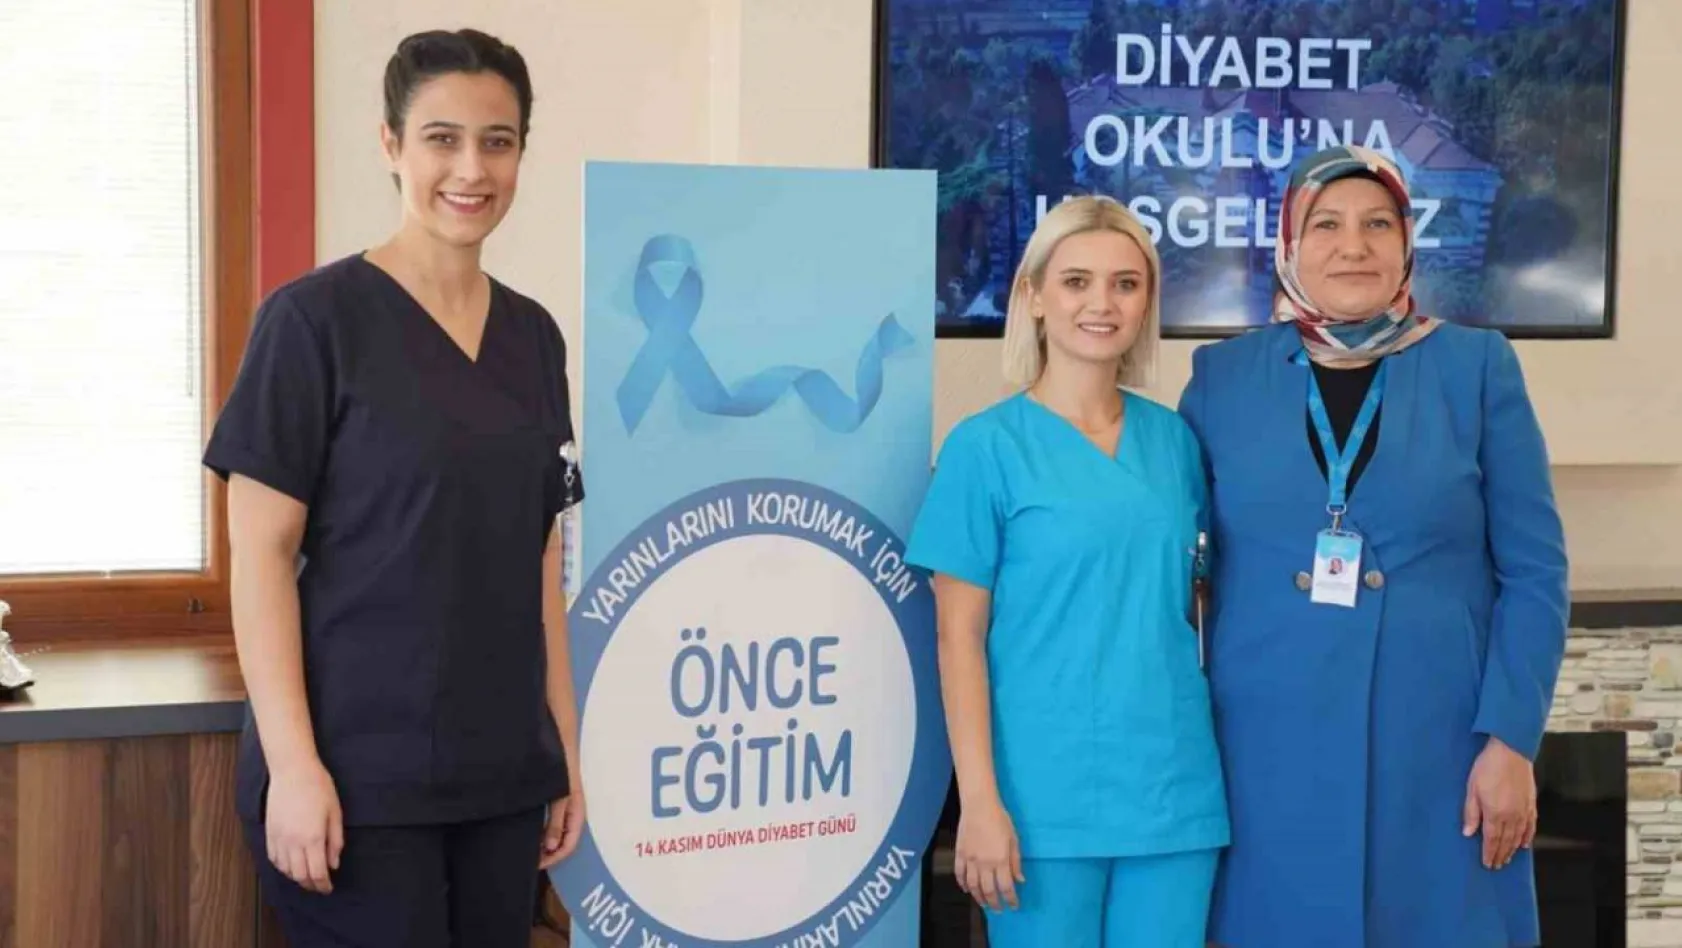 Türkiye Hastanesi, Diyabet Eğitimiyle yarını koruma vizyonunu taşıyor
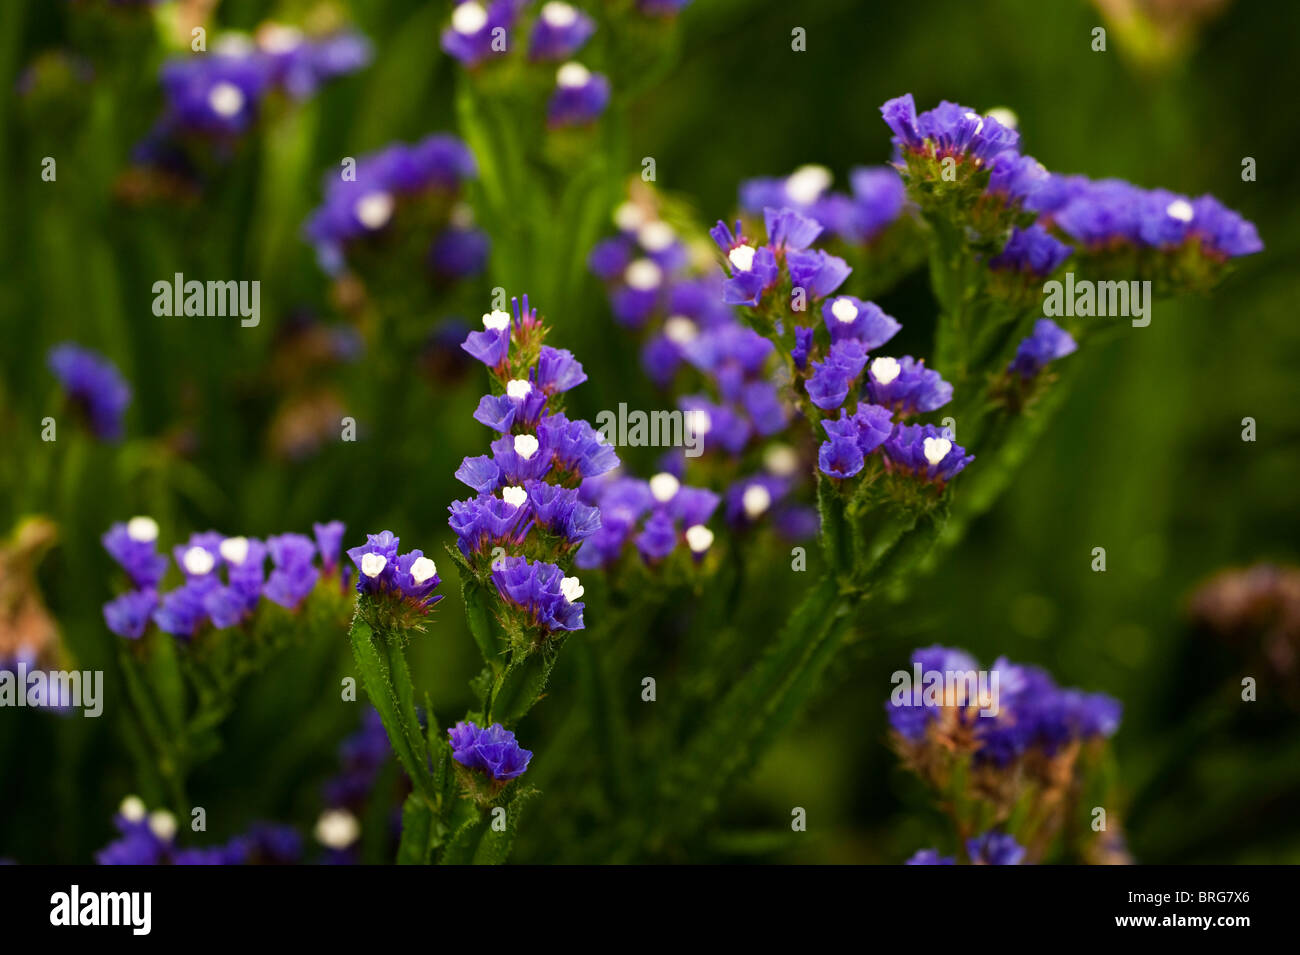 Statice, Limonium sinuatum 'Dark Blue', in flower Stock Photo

○ ○ ○ ○

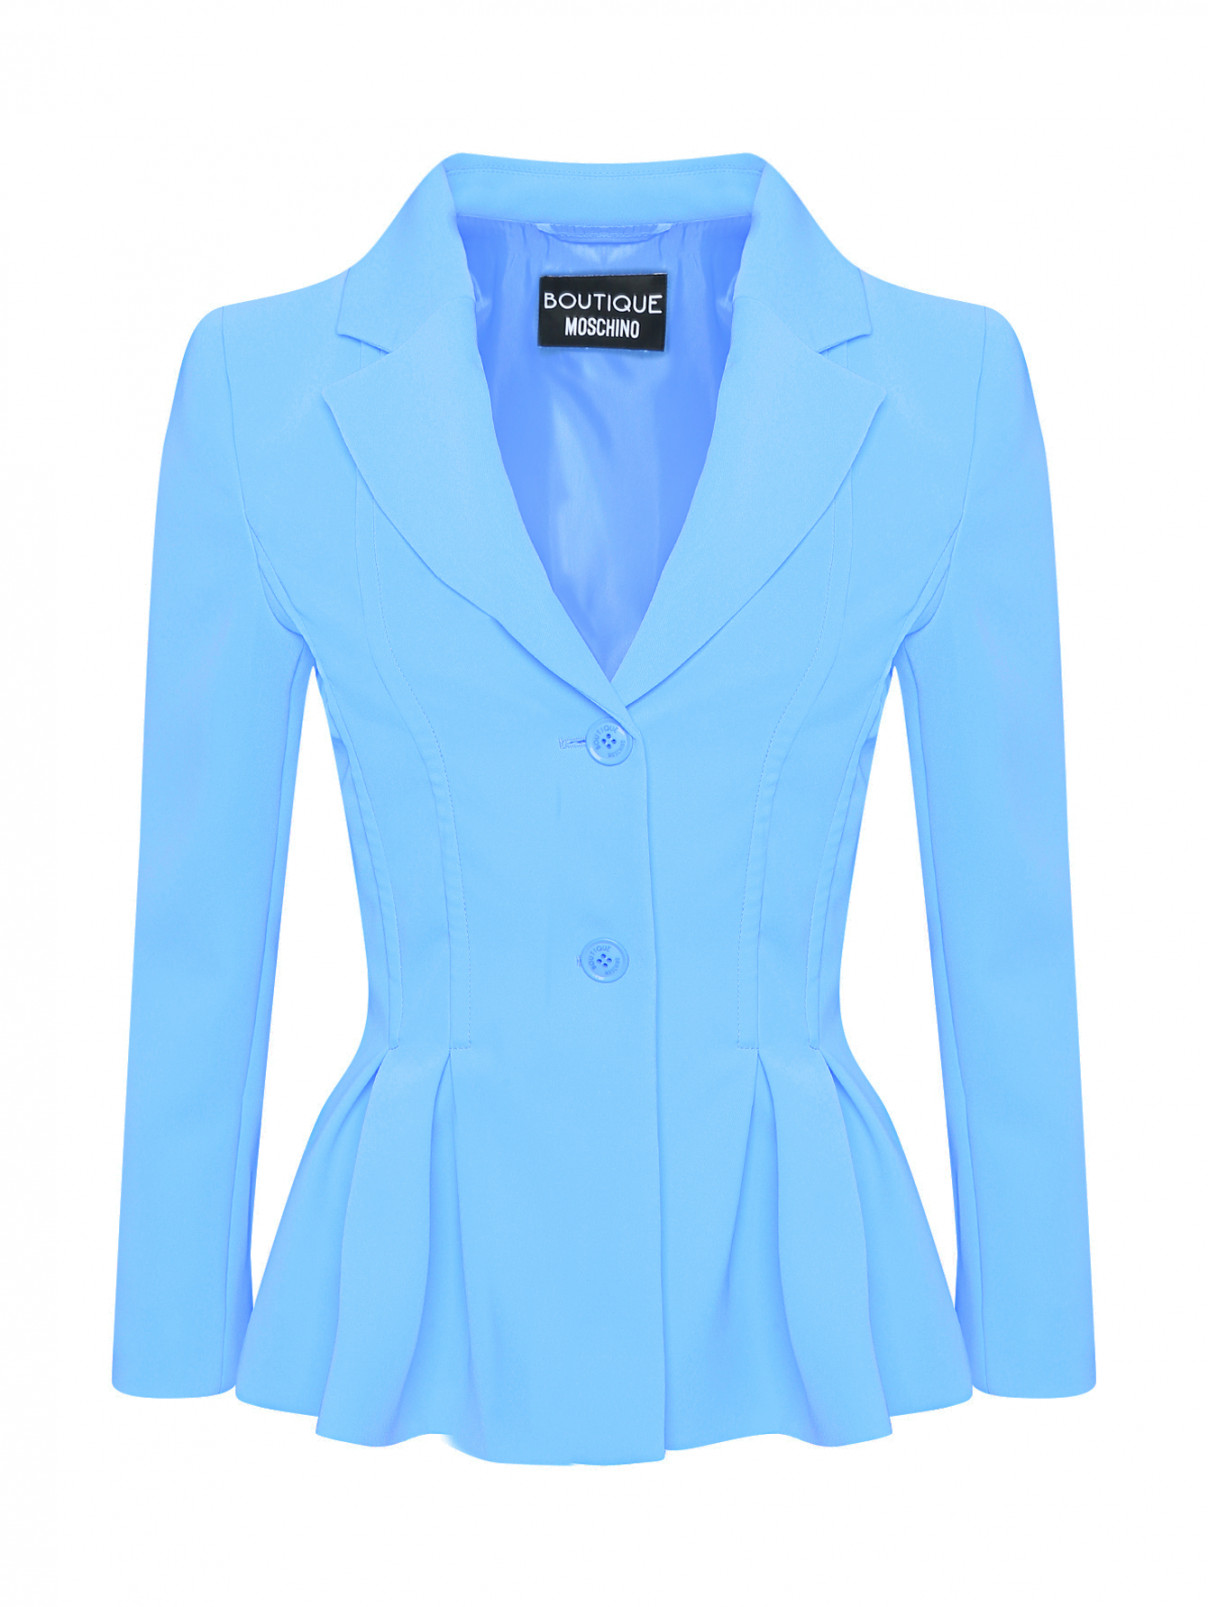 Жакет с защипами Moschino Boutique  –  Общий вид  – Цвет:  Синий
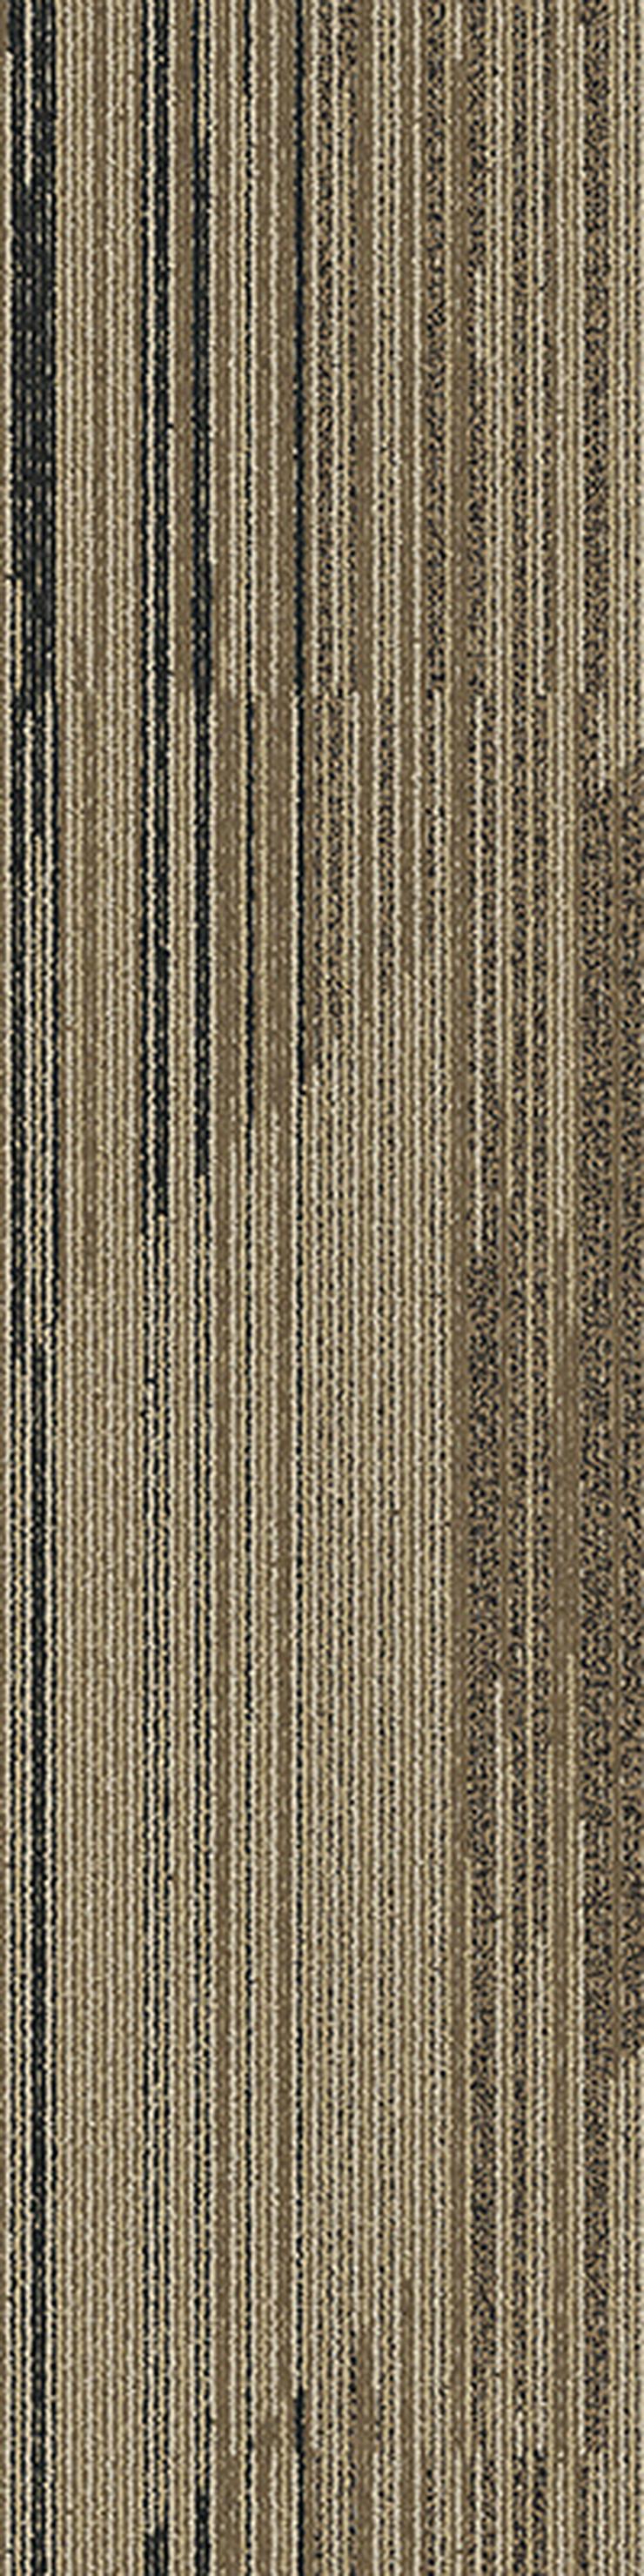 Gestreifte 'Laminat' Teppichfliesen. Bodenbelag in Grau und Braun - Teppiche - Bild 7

○ ○ ○ ○

§ TRY IT
In the listing above, the required lines run from the line with "Türkiye Hastanesi, Diyabet" through the line with "Statice, Limonium sinuatum". Output exactly those lines, omitting pictures.

§ RESULT OF THIS EXERCISE
 Türkiye Hastanesi, Diyabet Eğitimiyle yarını koruma vizyonunu taşıyor
 Statice, Limonium sinuatum 'Dark Blue', in flower Stock Photo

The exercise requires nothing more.